原始链接: https://madebyoll.in/posts/world_emulation_via_dnn/

我创建了一个可在浏览器中离线访问的森林小径“神经世界”，它可以玩。与传统的手工设计游戏不同，这个世界是由一个神经网络生成的，该网络训练了来自我手机的真实世界视频记录和运动数据。你可以把它想象成一张照片——细节是被捕捉到的，而不是被绘制出来的。我的最初尝试结果是一团模糊的东西，所以我通过添加更多控制信息、内存和多尺度输入处理来改进训练过程。我还增大了网络规模，并调整了训练目标，使其专注于细节生成。最终版本使用了来自当地公园的 22814 帧数据集，由一个具有约 500 万参数的网络处理。虽然生成的这个世界分辨率较低，但目标是探索一种不同的世界创造方法。就像早期的摄影一样，神经世界提供了一种直接捕捉现实的方式，有可能催生一种新的创作媒介，这种媒介可以像今天的照片一样易于访问和逼真。

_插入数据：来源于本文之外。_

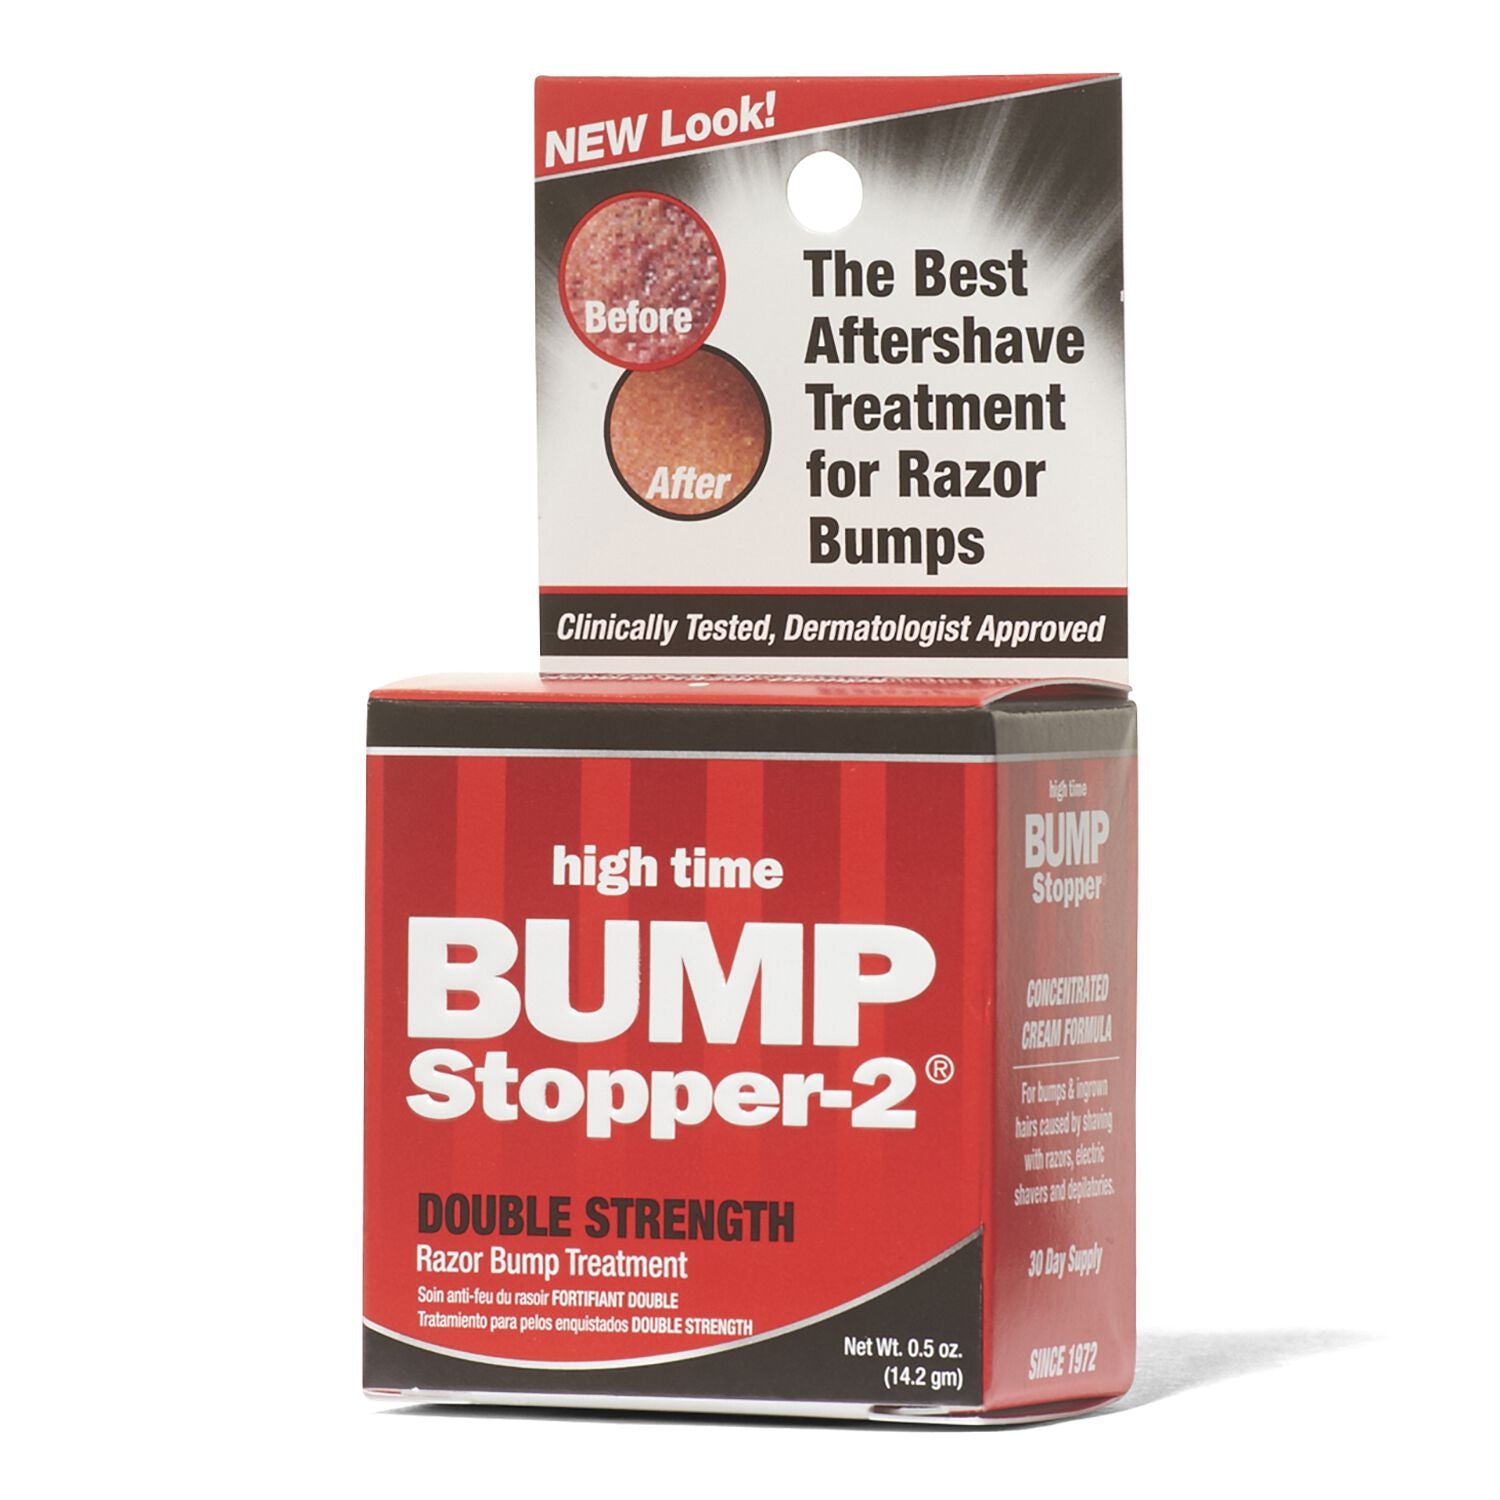 High Time Bump Stopper-2 Double Strength Treatment

这个Hacker News帖子讨论了一个利用神经网络进行世界模拟的项目，作者训练了一个神经网络来模拟手机视频中真实的森林小径。用户表达了对该项目潜在应用的兴奋之情，从创建珍爱地点（如祖父母的农场）的交互式时间胶囊，到为游戏和艺术项目生成沉浸式环境。讨论涉及到该项目与NeRF和现有游戏模拟器的相似之处，但强调了其使用第一人称手机录像的独特方法。评论者询问了模型架构、训练过程以及类似项目所需的直觉。作者提供了资源链接，并解释说现代世界模型是增加了输入的图像生成器。该项目易于访问，只需要相对适中的计算资源（100 GPU小时），这一点也受到了赞扬。该帖子探讨了神经网络的特殊性质，它可以仅从视频中模拟整个交互式世界，而无需源代码或手动编程行为。讨论强调了该项目有可能成为未来世界模拟和人工智能驱动创意发展的起点。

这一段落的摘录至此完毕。